Por isso, no último domingo, dia 14, mulheres do todos os cantos do Brasil realizaram um ato virtual de repúdio aos retrocessos constantes que vêm norteando as políticas públicas desse governo. Segundo a educadora popular, feminista e bacharel em Geografia, Érika Leite Santana, as mulheres sergipanas promoveram um tuitaço e lives.

“Fizemos ecoar nossas vozes através das redes sociais, numa mobilização em torno de um abaixo-assinado, a partir do Fórum Sergipano de Mulheres e outros movimentos”, revela Érika Leite. Para ela, é através da articulação, principalmente das mulheres, que representam mais de 52% do eleitorado e da população, que um governo como esse pode, sim, ser derrubado.

“É um governo que não governa para o povo. Não acredito que as ações que as mulheres vêm articulando desde o #EleNão, antes das eleições, sejam apenas para chamar a atenção. Os atos têm um cunho de denúncias de irregularidades que esse governo vem promovendo em diversas pautas, não apenas agora durante a pandemia, mas na educação, na moradia, na saúde pública em geral, etc”, argumenta.

De acordo com Érika, são várias as formas de demonstrar à sociedade o quão perigoso está sendo o modo inoperante que o atual presidente vem gerindo o governo e como isso tem levado a ações que afetam as mulheres. “É fundamental que as mulheres se mobilizem, porque ele demonstrou, desde o princípio do seu “projeto”, ser uma figura que tinha claramente uma rejeição e uma forma evidente de achar que as mulheres são uma falha, como se referiu à própria filha”, lembra.

Além disso, para Érika, a formação ministerial, com apenas duas mulheres (Damares Alves, no da Família e Tereza Cristina no da Agricultura) também depõe contra Bolsonaro. “Suas ações mostram a todo instante que ele não compreende a necessidade de governar para todos, homens e mulheres. É preciso que a gente se fortaleça, não só as mulheres, mas todas as comunidades que sofrem com esses retrocessos”, reforça.

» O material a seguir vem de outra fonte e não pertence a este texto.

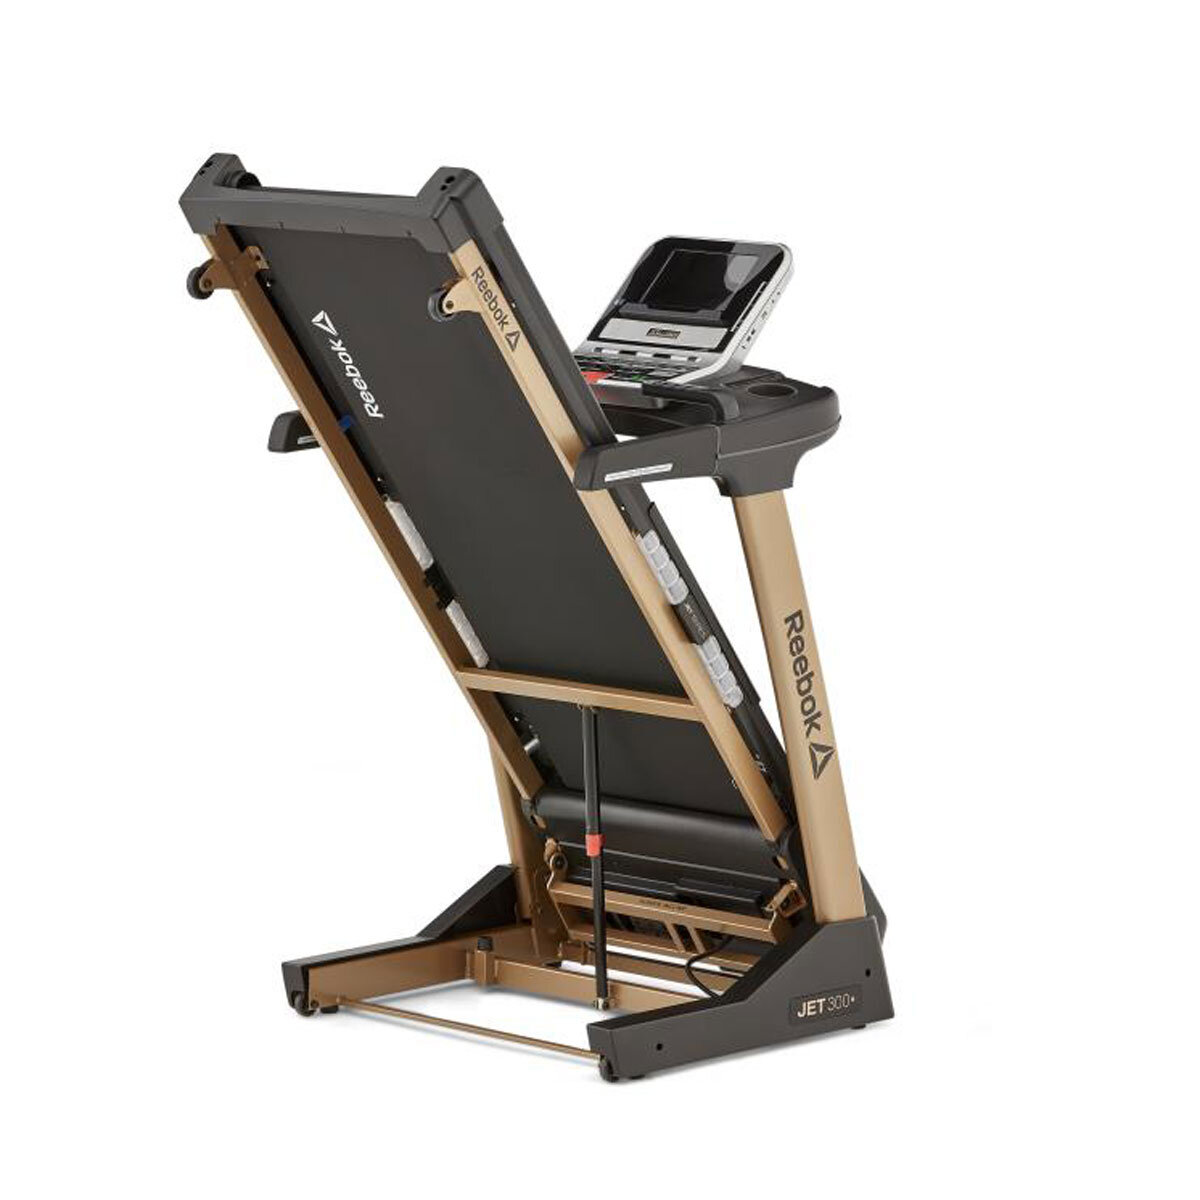 Reebok Jet 300+ Treadmill - Delivery Costco
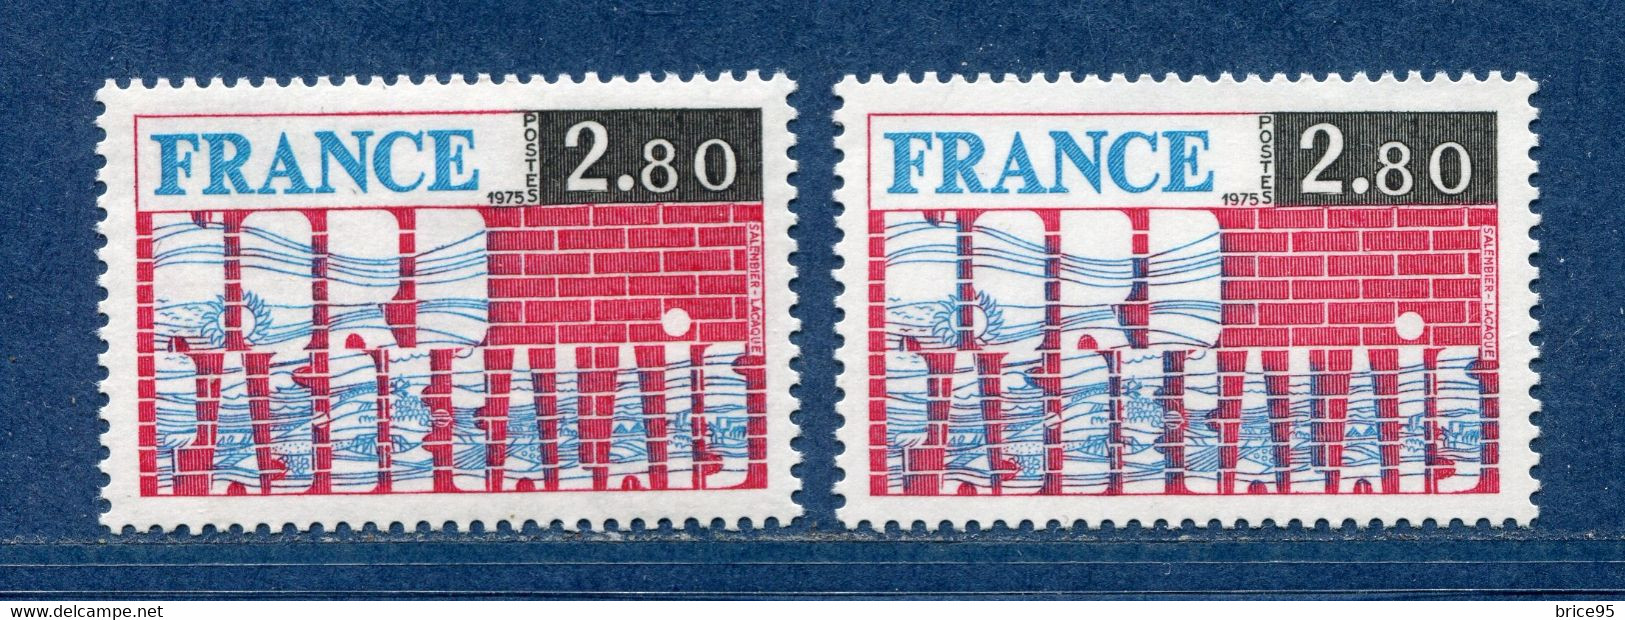 ⭐ France - Variété - YT N° 1852 - Couleurs - Pétouille - Neuf Sans Charnière - 1975 ⭐ - Nuevos

Ela destaca, inclusive, que essa mobilização é permanente. “E não apenas pela presença de Bolsonaro na Presidência, mas por um país que nos faça avançar e não retroceder, que é o caso que estamos vendo no Brasil, que vem destacando-se de forma negativa quando avança no índice de pobreza, de violência, de analfabetismo e até na pandemia. É preciso que as mulheres e toda a sociedade se mobilizem, para que a gente reafirme que a democracia é fundamental nesse e em qualquer governo”, afirma.